Change Your Thinking

The world will not do anything differently tomorrow than it’s doing today. You have to be the one to change something if you expect things to go a different way the next time around. I would encourage you to consider the way you view money in your artistic business. If you find you are thinking about it from a micro perspective, consider changing that view to more of a macro one. You might get more bang for your buck, so to speak, by viewing your financial picture from a forrest-for-the-trees perspective.

One thing is for sure, if you are in trouble with this now, you don’t have much to lose by trying a new approach. It doesn’t have to be the one I laid out for you here, but for shit’s sake do SOMETHING. My hope and dream for you is that you get to be an artist for a very long time. Nothing will derail that from happening quicker than a lack of understanding in how to compound your financial profits to make more and support yourself during the lean times.
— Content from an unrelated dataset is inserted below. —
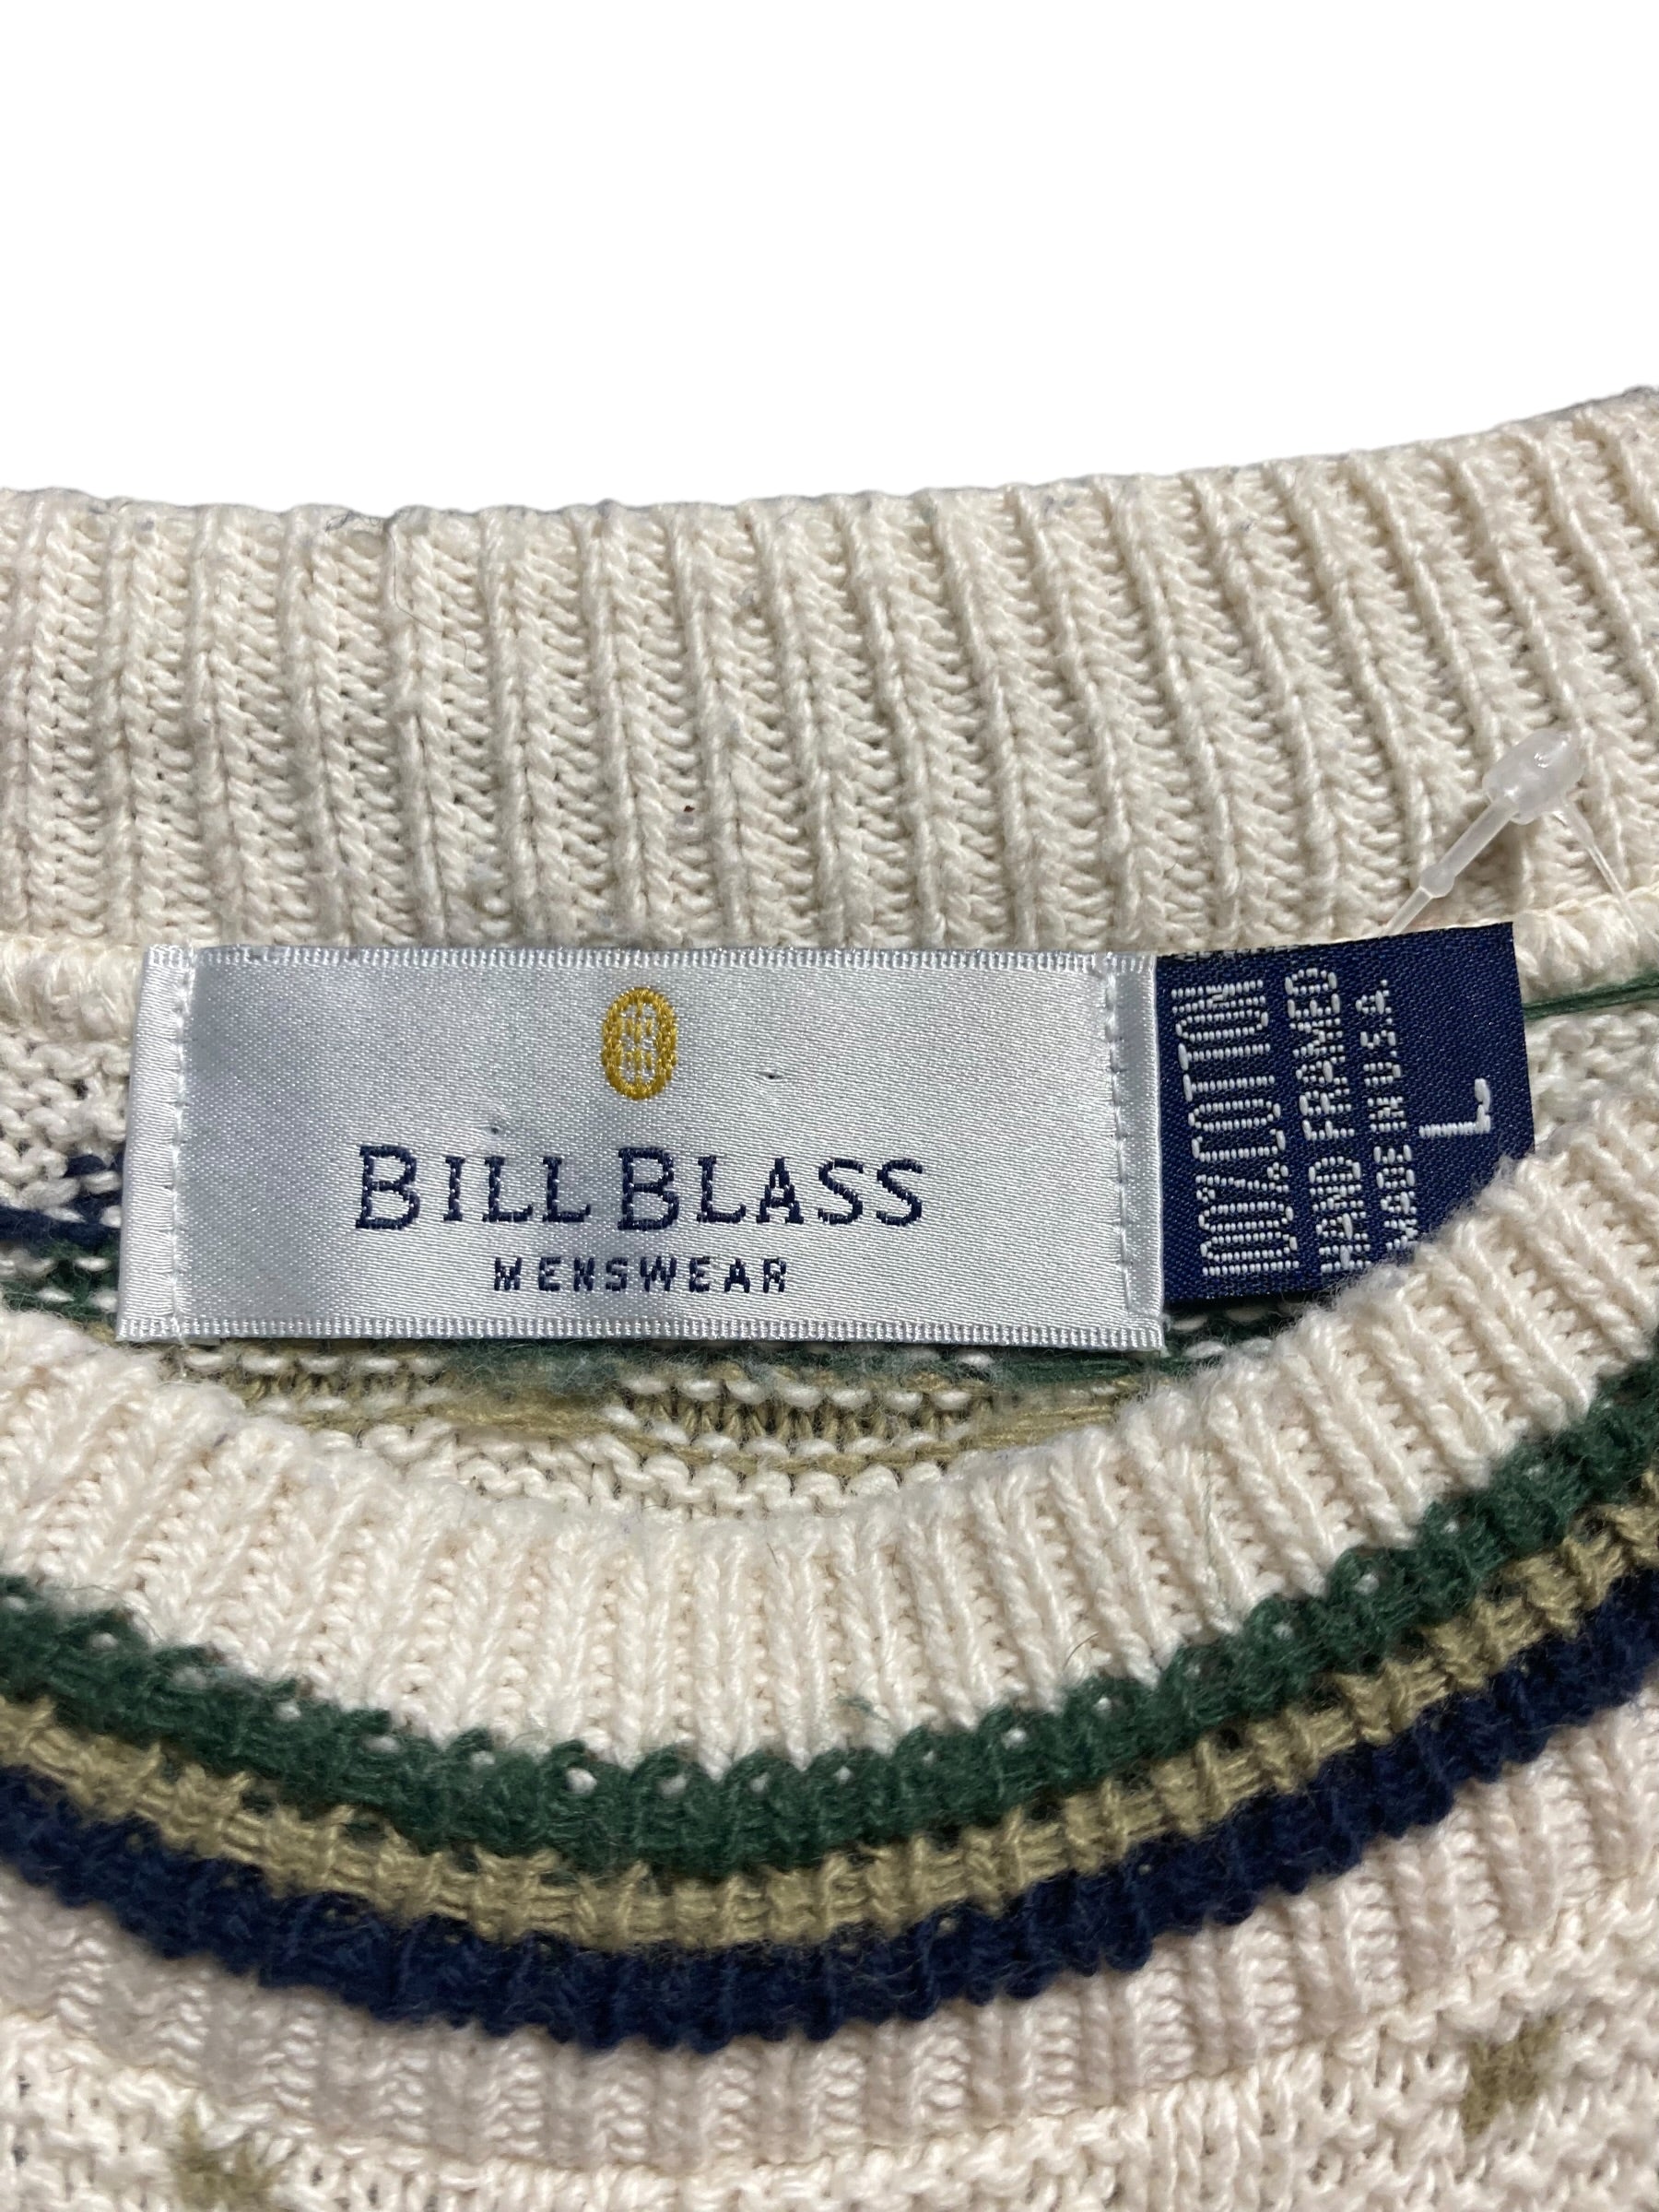 BILL BLASS knit sweater ニット セーター デザイン – STORAGE UNLIMITED

And if you haven’t experienced any lean times in your career yet… wait twenty minutes.

 

EASTERN CHRONICLE is my new album that is available worldwide on T-ABC Records. You can download it here on the website in any uncompressed format you can think of. You can also get it in AAC format from iTunes, on MP3 from Amazon.com and in various formats on just about every digital carrier that is out there including Spotify and MOG. If a physical copy is more your speed, the CD is available at retailers throughout Asia and North America.


Comments

  1. Stacy Chambers says:
    July 16, 2012 at 2:28 pm

    Whoa! Definitely needed this. Thank you!

    1. Deane Ogden says:
      July 17, 2012 at 12:15 am

      Glad you found it useful, Stacy! Thanks for coming back. ;)

  2. Stacy Chambers says:
    July 16, 2012 at 2:28 pm

    Whoa! Definitely needed this. Thank you!
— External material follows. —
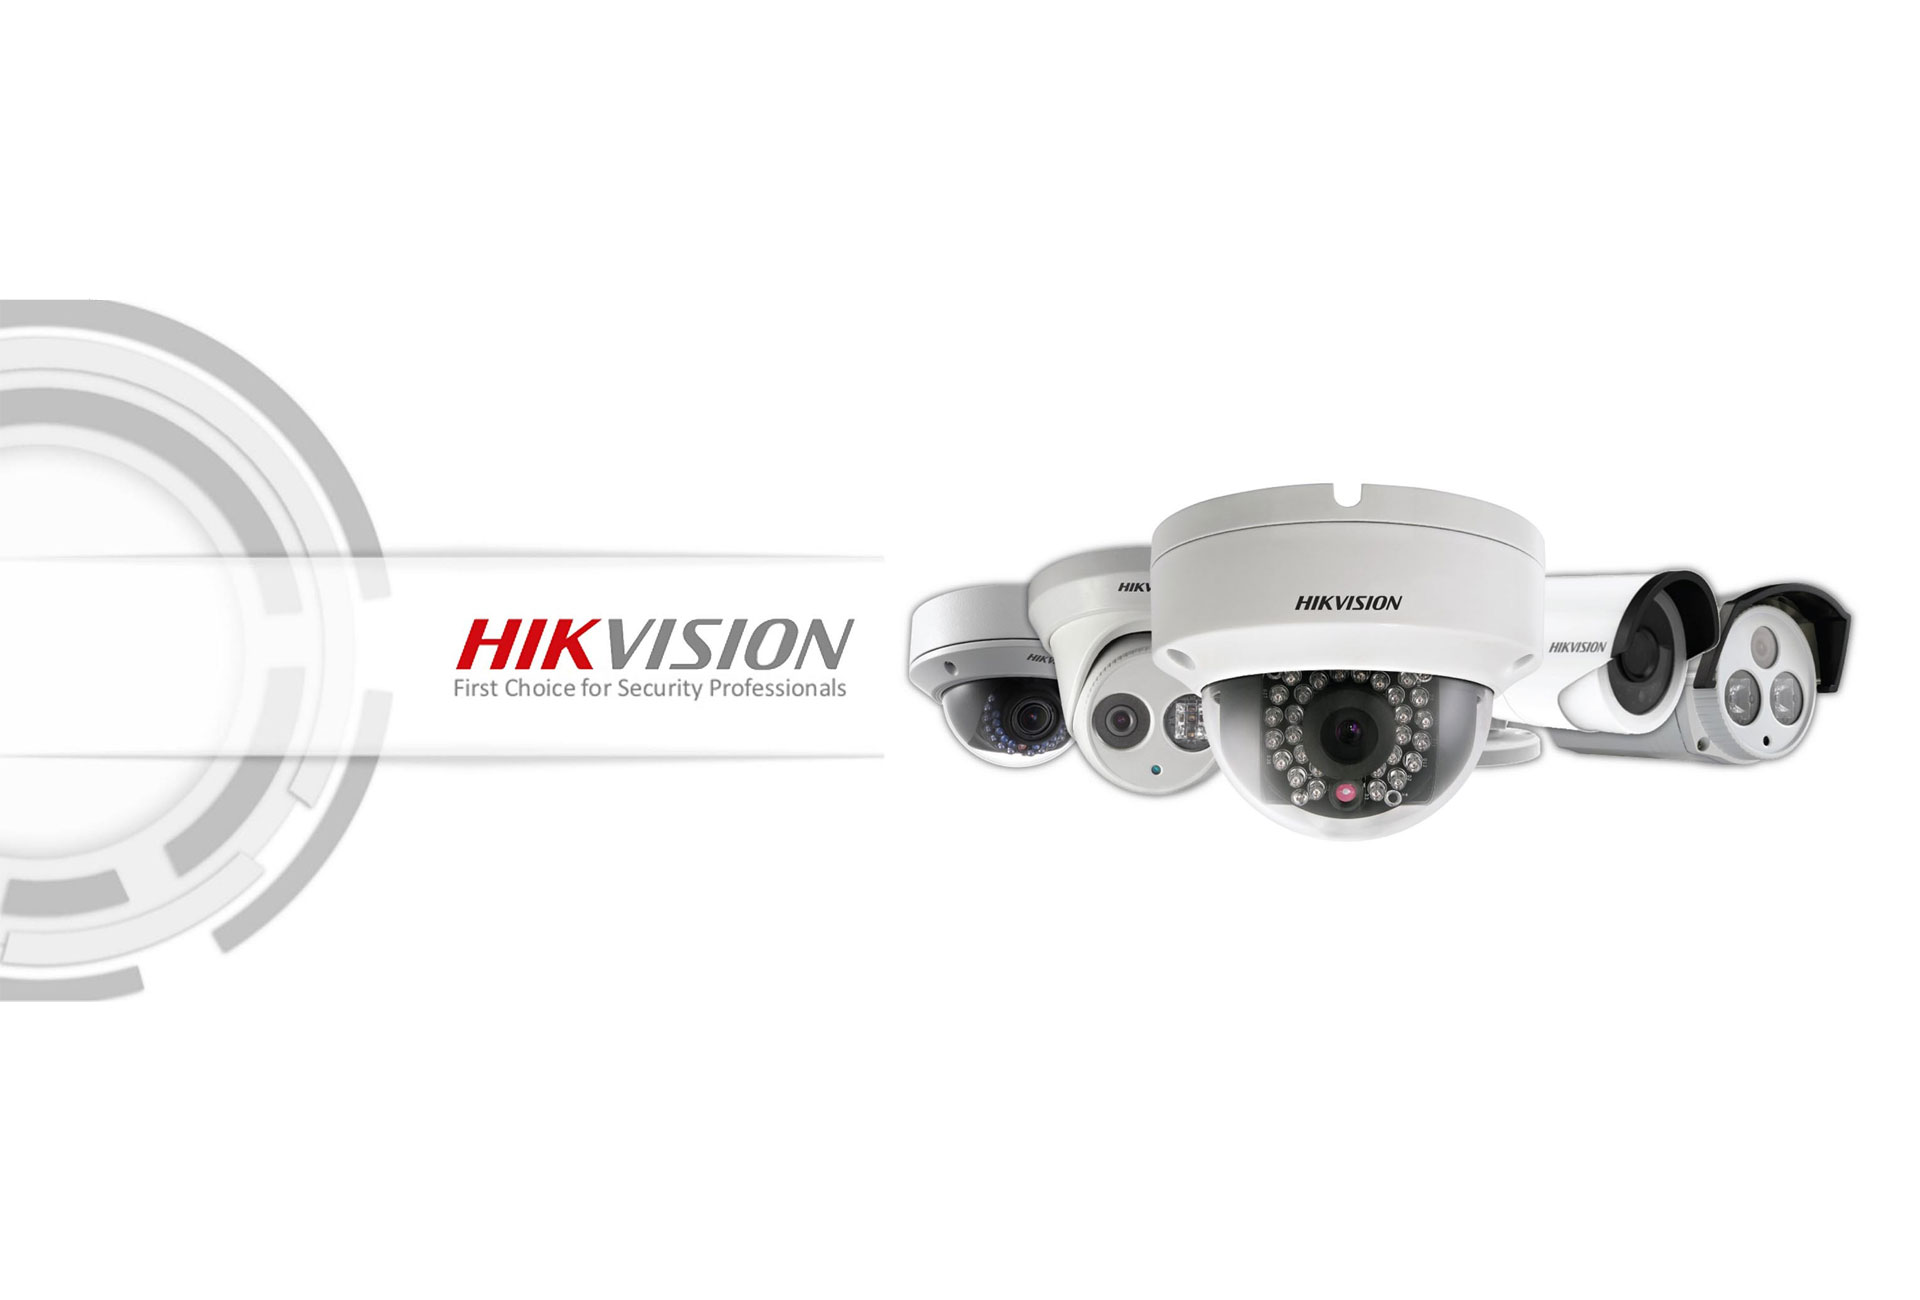 hikvision cctv camera suppliers in faridabad

  3. Thommaz Kauffmann says:
    July 16, 2012 at 11:47 pm

    I think you described me as the micro guy on your second example, about posting musics with the hope of being called by someone. I did about four musics to show on SoundCloud and afterward, to some people I know it would be important to enter in this business. Is it a bad start? Thanks to your help!

    1. Deane Ogden says:
      July 17, 2012 at 12:14 am

      Hi Thommaz — No, I dont think it's necessarily "wrong" or a bad start to do that. Even I have stuff on SoundCloud for nothing more than the purpose of sharing around to people that enjoy trading sounds. What I'm driving at above, though, is that when you are first starting out your time might be better spent networking with the people with whom you ultimately want to work with. It's like that old analogy of "If a tree falls in a forest and no one is around to hear it, does it make a sound?" By that rationale, the question for you as a beginning composer becomes "What is more worthy of your time? Posting cues on SoundCloud that someone has to literally *get lucky* in order to stumble upon, or finding people who need music and linking them directly to your SoundCloud where they'll have better luck finding what they are after?"

  4. Why Your View on Money Could Kill Your Artistic Career | Home Recording Masters | Microphones, Recording Equipment and Software Reviews says:
    July 17, 2012 at 3:46 am

    [...] Why Your View on Money Could Kill Your Artistic Career Share and [...]

  5. Kim Nimrod Cruz says:
    March 25, 2013 at 7:32 pm

    What I love about this post is how you subliminally said "don't procrastinate!" through "wait 20 minutes" :) thanks again!